Hello,
I am using limma to compute the differently express genes between two conditions from microarray.
The dataset, a GSE from GEO contains 38 arrays of senescent / quiescent and growing samples, I am only interested in senescent vs growing DE genes.
So far I have been removing the extra array with the code below, but I also recently came across some post about keeping all arrays in regards to the "level of freedom". While keeping all arrays I am getting completely different results, wondering which is the of the methods is the most appropriate.
idx <- which(cell_status == "Growing" | cell_status == "Senescent") gse <- gse[,idx] pheno <- droplevels(pData(gse))

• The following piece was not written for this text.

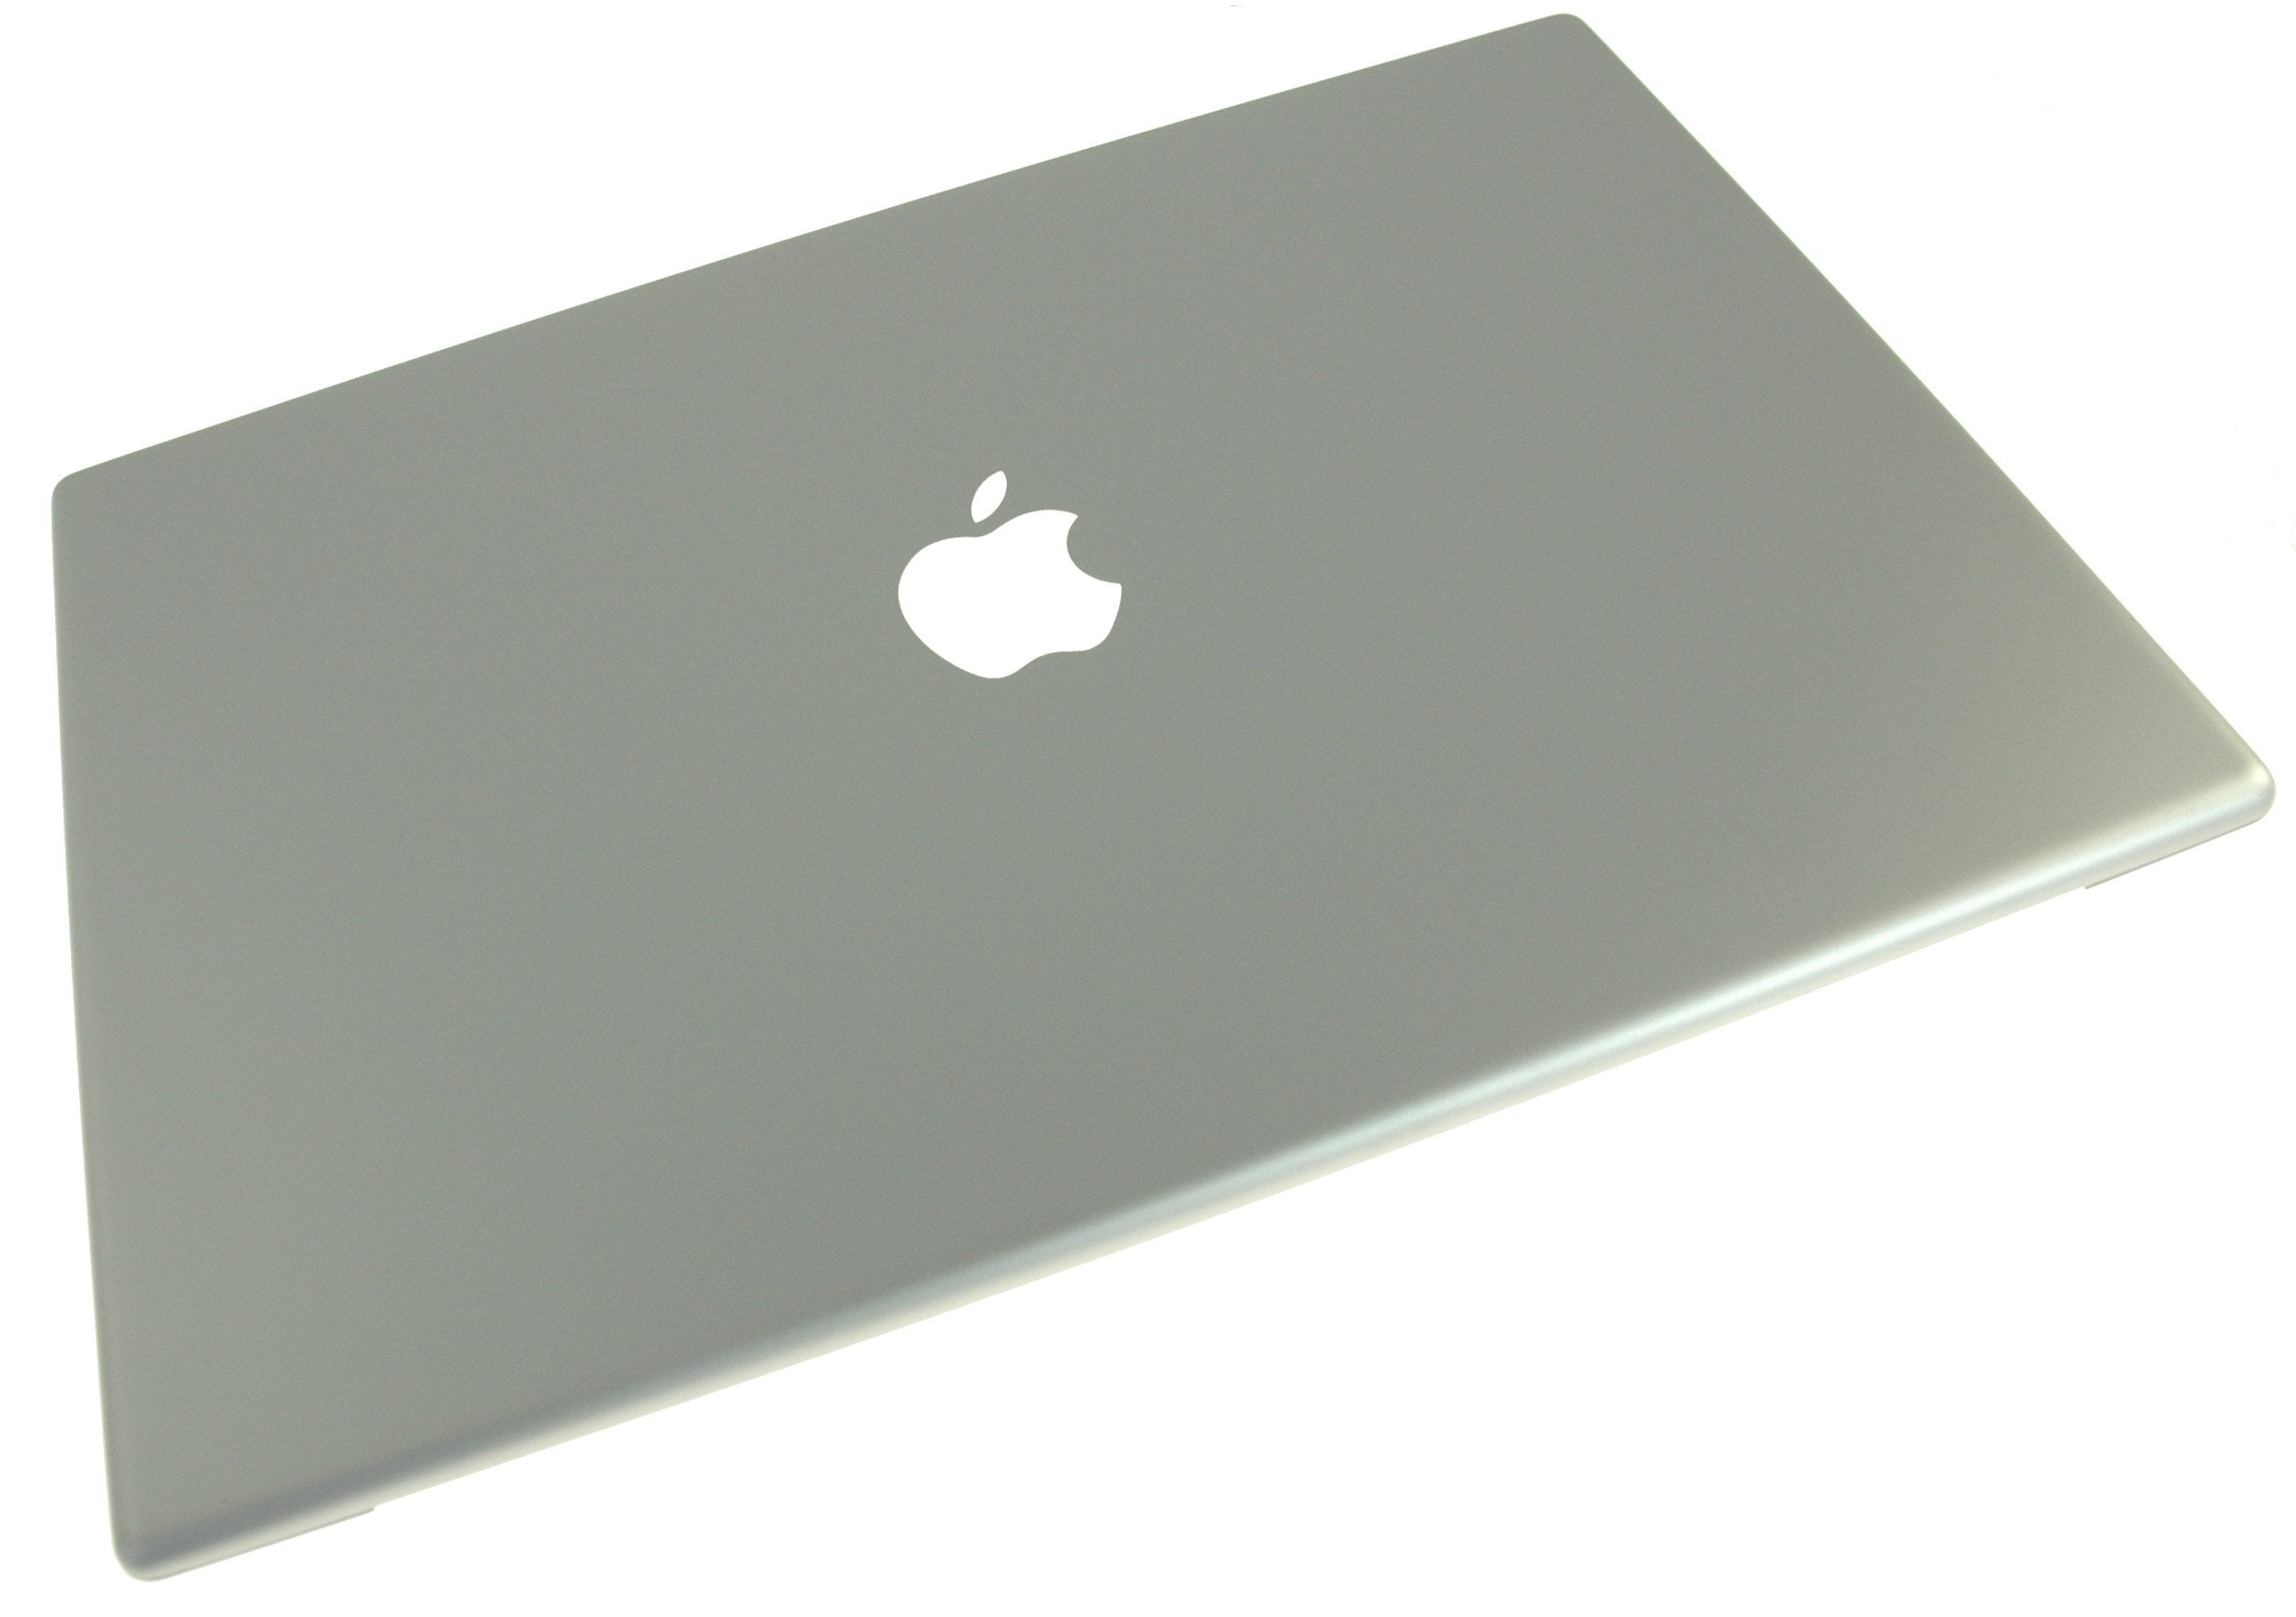 MacBook Pro 15" (Models A1150/A1211) Rear Display Bezel

mod <- model.matrix(~cell_status+ 0, data=pheno) colnames(mod) <- levels(pheno$cell_status) contrast_mat <- makeContrasts(Senescent-Growing, levels=mod) fit = lmFit(gse, mod) fit2 <- contrasts.fit(fit, contrast_mat) fit2 <- eBayes(fit2) topTable(fit2, adjust="fdr", sort.by="B", number=Inf)
Thank for you help Aaron,
You right I have been working on GSE19864 trying to reproduce their results, I also think that I have a normalization problem, as with the same design, I never get the same DE genes with their normalized data compare to the raw data that I normalized using the method they described and in my case a PCA from my normalization method show a batch effect compare to a PCA of their data which doesn't exhibit this problem.
Concerning the shRNA I know about them so while checking senescent/growing I would usually just keep the control senescent and control growing and remove all other arrays prior to doing my design and limma analysis.
So in my case should I keep other arrays even if their condition/treatment are different than what I am interested in or just remove them.